Quantization is a technique that reduces the precision of numbers used in a model’s computations and stored weights—typically from 32-bit floats to 8-bit integers. This reduces the model’s memory footprint, speeds up inference, and lowers power consumption, often with minimal loss in accuracy.
Quantization is especially important for deploying models on edge devices such as wearables, embedded systems, and microcontrollers, which often have limited compute, memory, and battery capacity. By quantizing models, we can make them significantly more efficient and suitable for these resource-constrained environments.
ExecuTorch uses torchao as its quantization library. This integration allows ExecuTorch to leverage PyTorch-native tools for preparing, calibrating, and converting quantized models.
Quantization in ExecuTorch is backend-specific. Each backend defines how models should be quantized based on its hardware capabilities. Most ExecuTorch backends use the torchao PT2E quantization flow, which works on models exported with torch.export and enables quantization that is tailored for each backend.

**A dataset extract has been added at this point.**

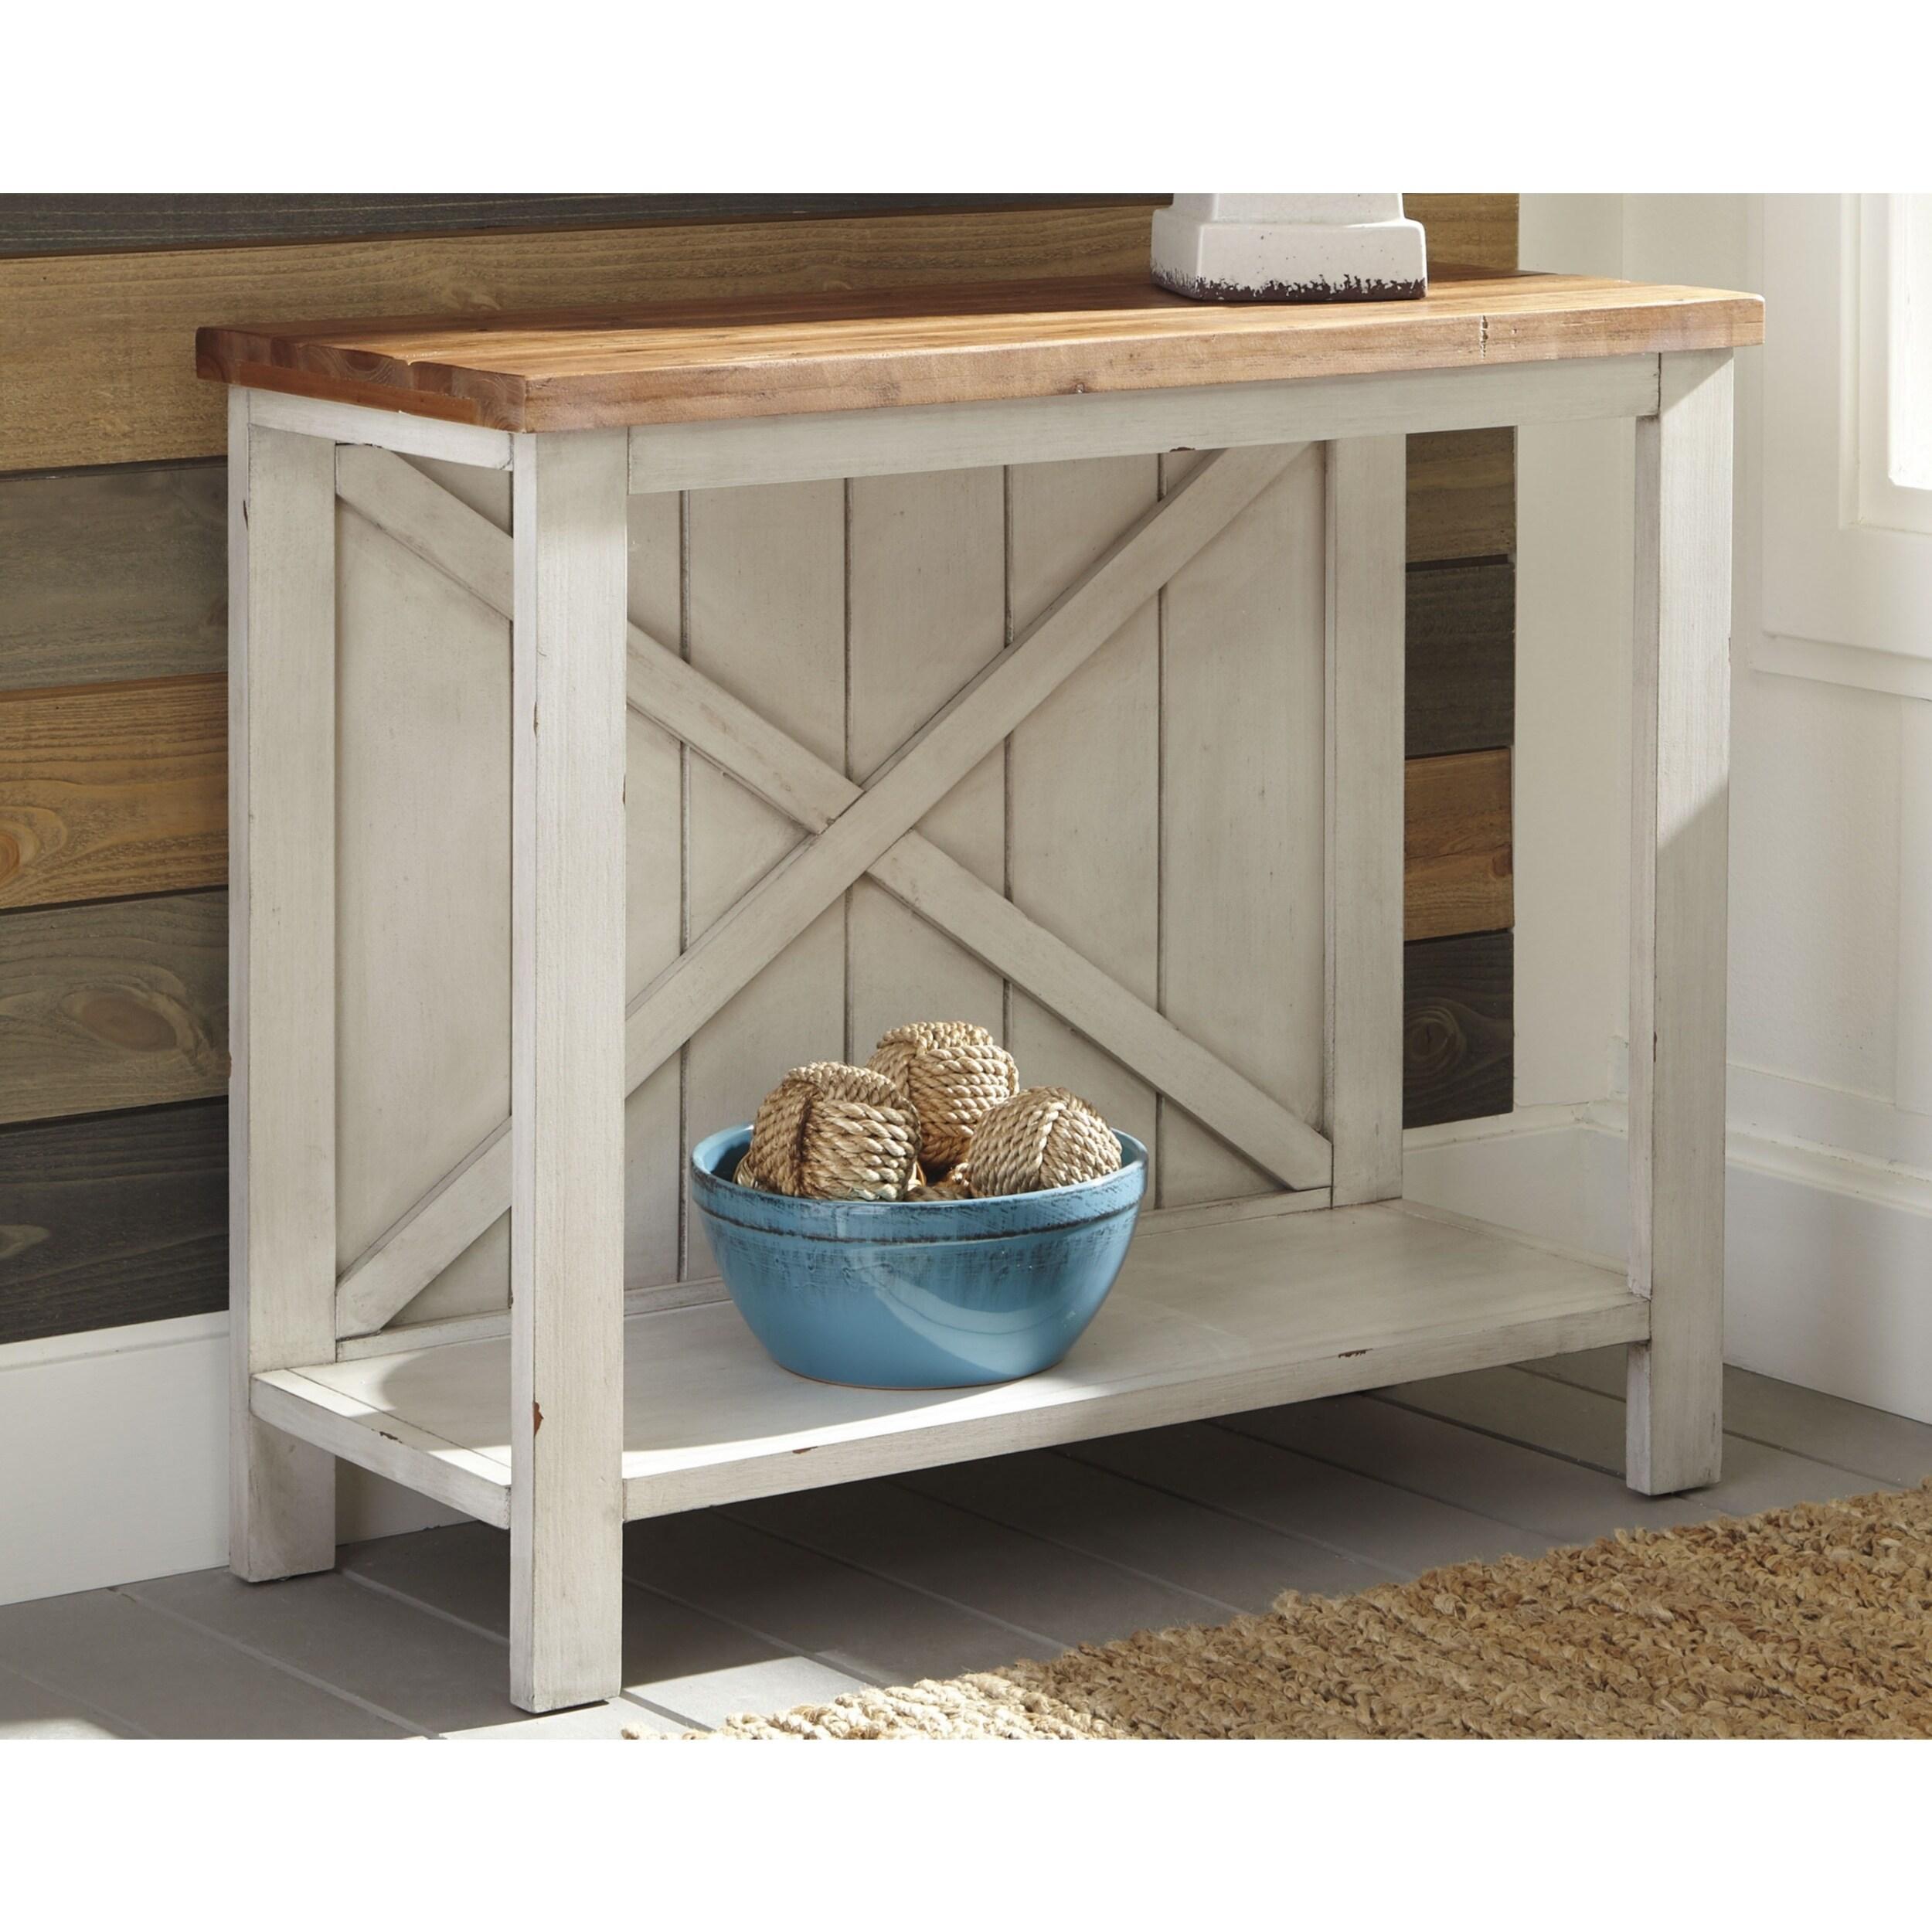 Awesome Abramsland White Brown Farmhouse Console Sofa Table Spiritservingveterans Wood Chair Design Ideas Spiritservingveteransorg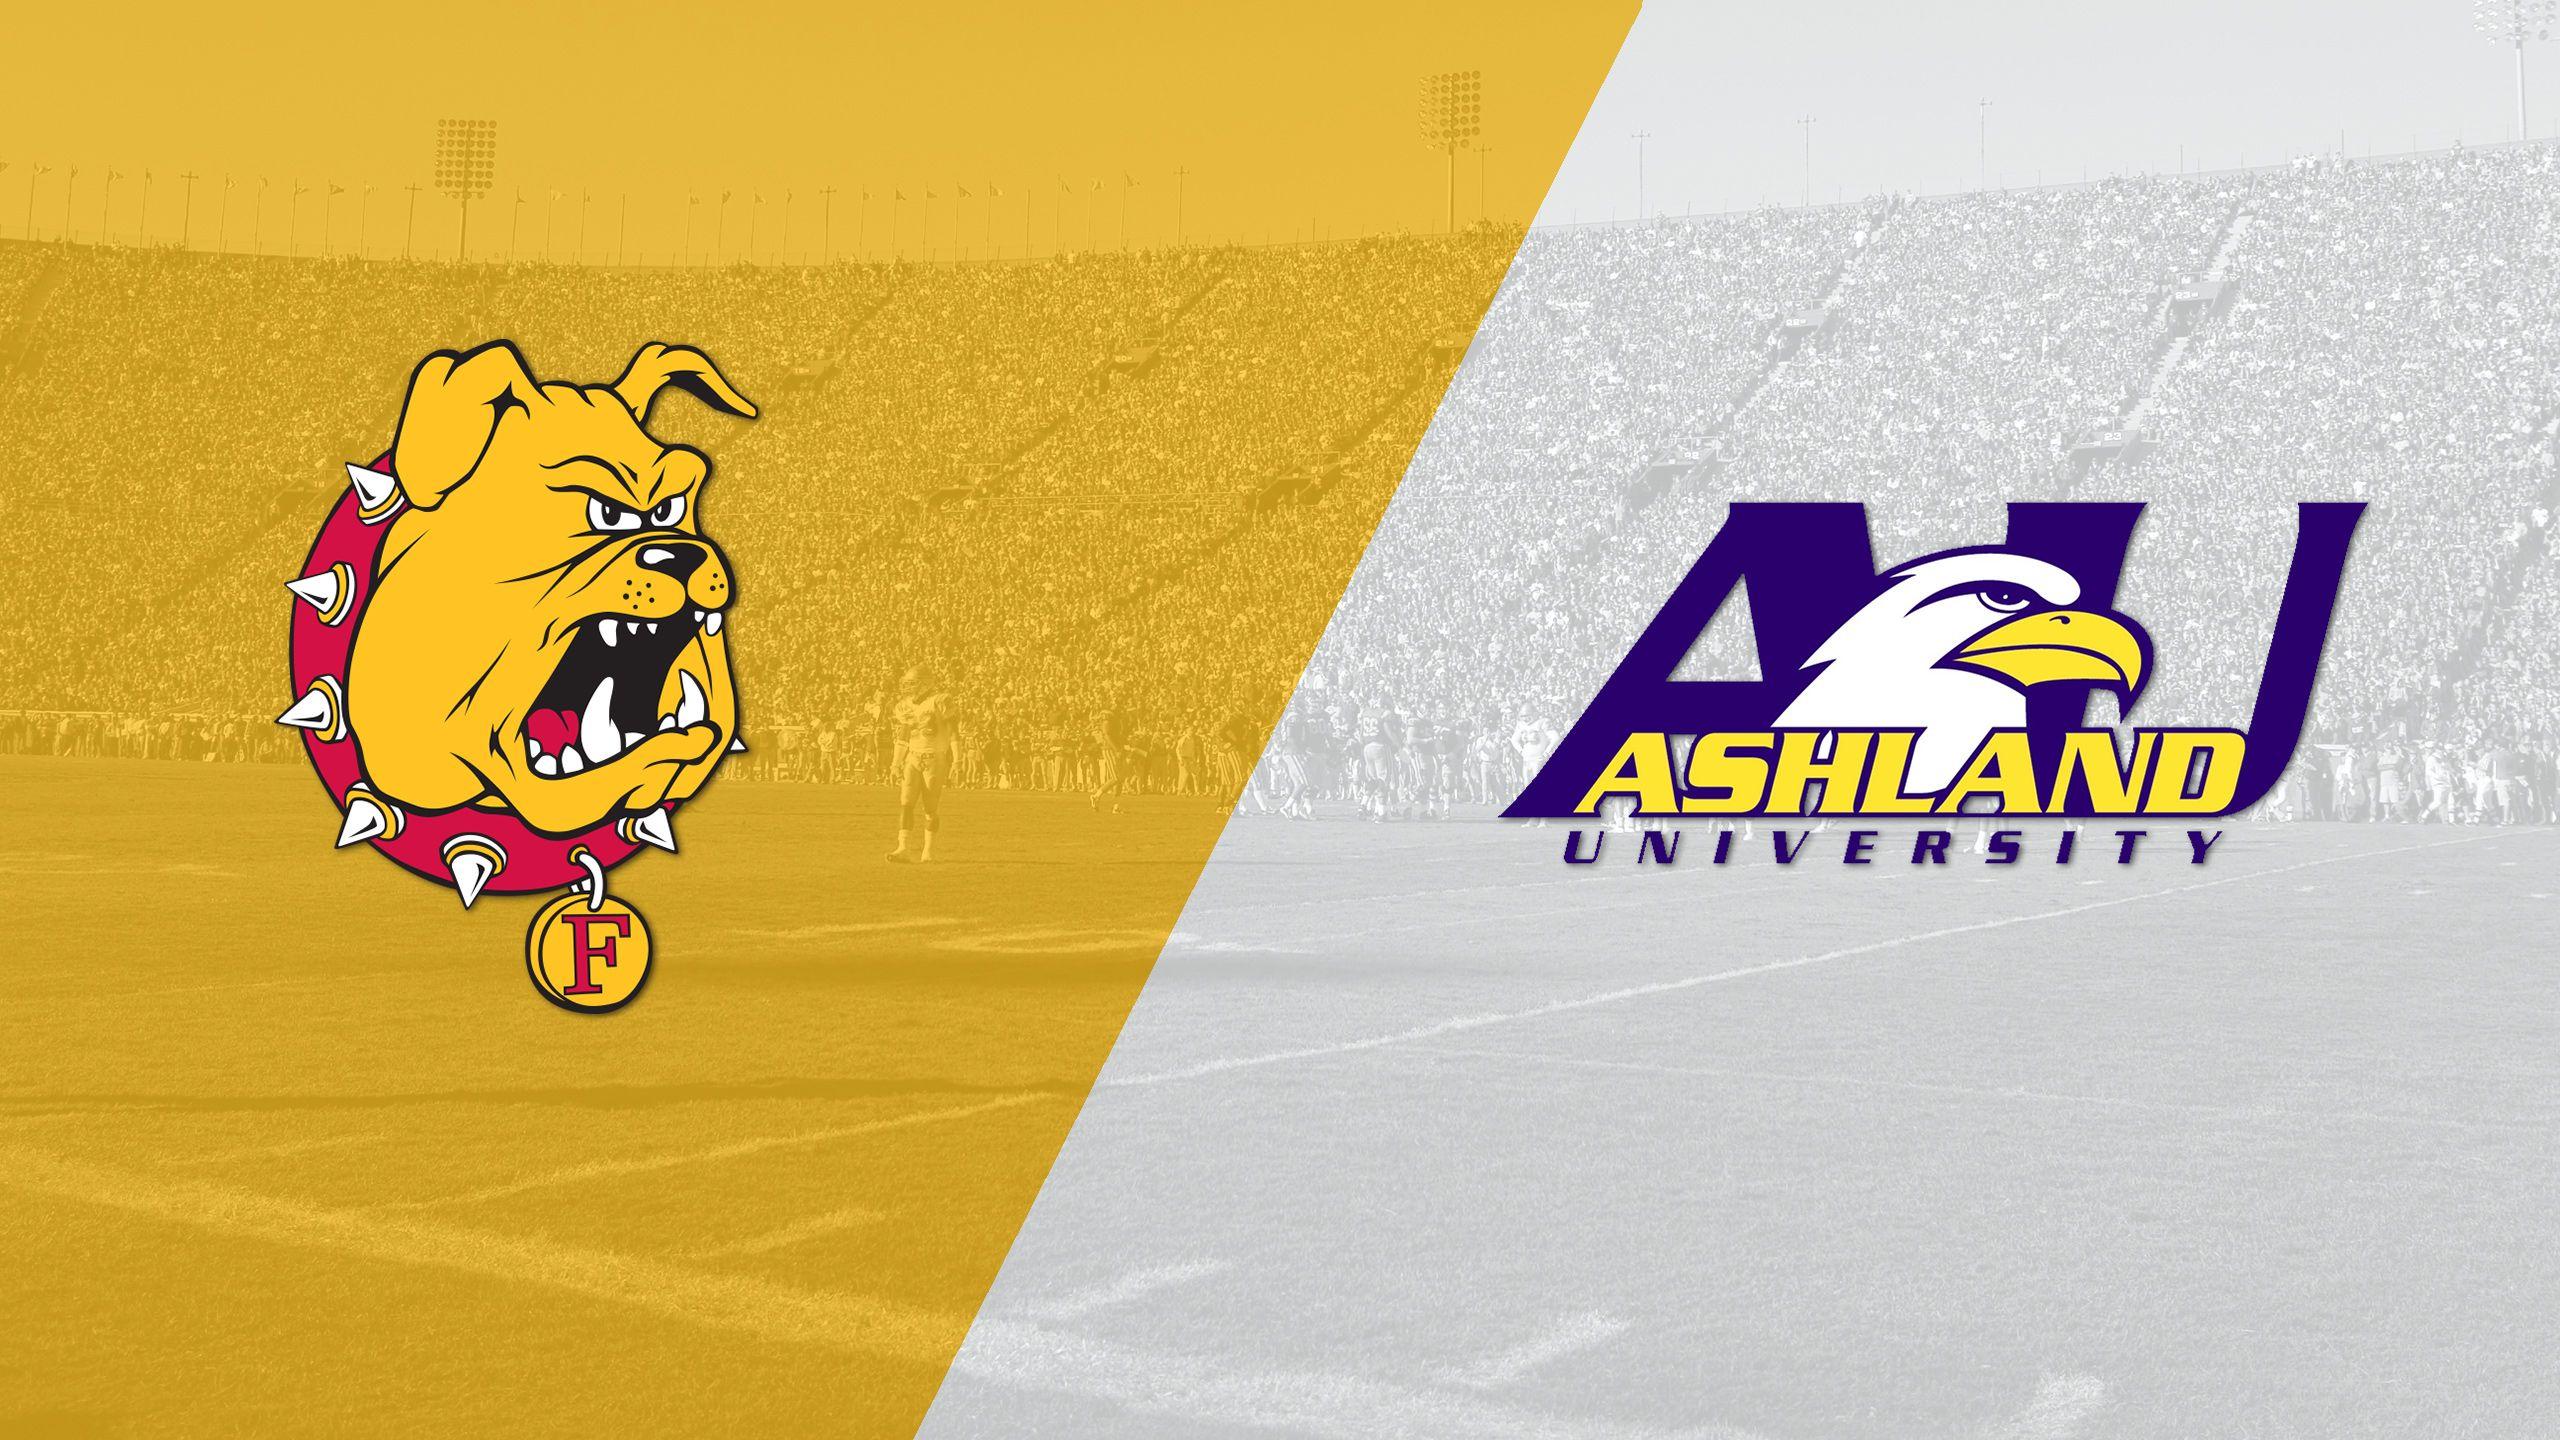 Ferris State (MI) vs. Ashland (Football)

The PT2E quantization workflow has three main steps:
- Configure a backend-specific quantizer.
- Prepare, calibrate, convert, and evalute the quantized model in PyTorch
- Lower the model to the target backend
Each backend provides its own quantizer (e.g., XNNPACKQuantizer, CoreMLQuantizer) that defines how quantization should be applied to a model in a way that is compatible with the target hardware. These quantizers usually support configs that allow users to specify quantization options such as:
- Precision (e.g., 8-bit or 4-bit)
- Quantization type (e.g., dynamic, static, or weight-only quantization)
- Granularity (e.g., per-tensor, per-channel)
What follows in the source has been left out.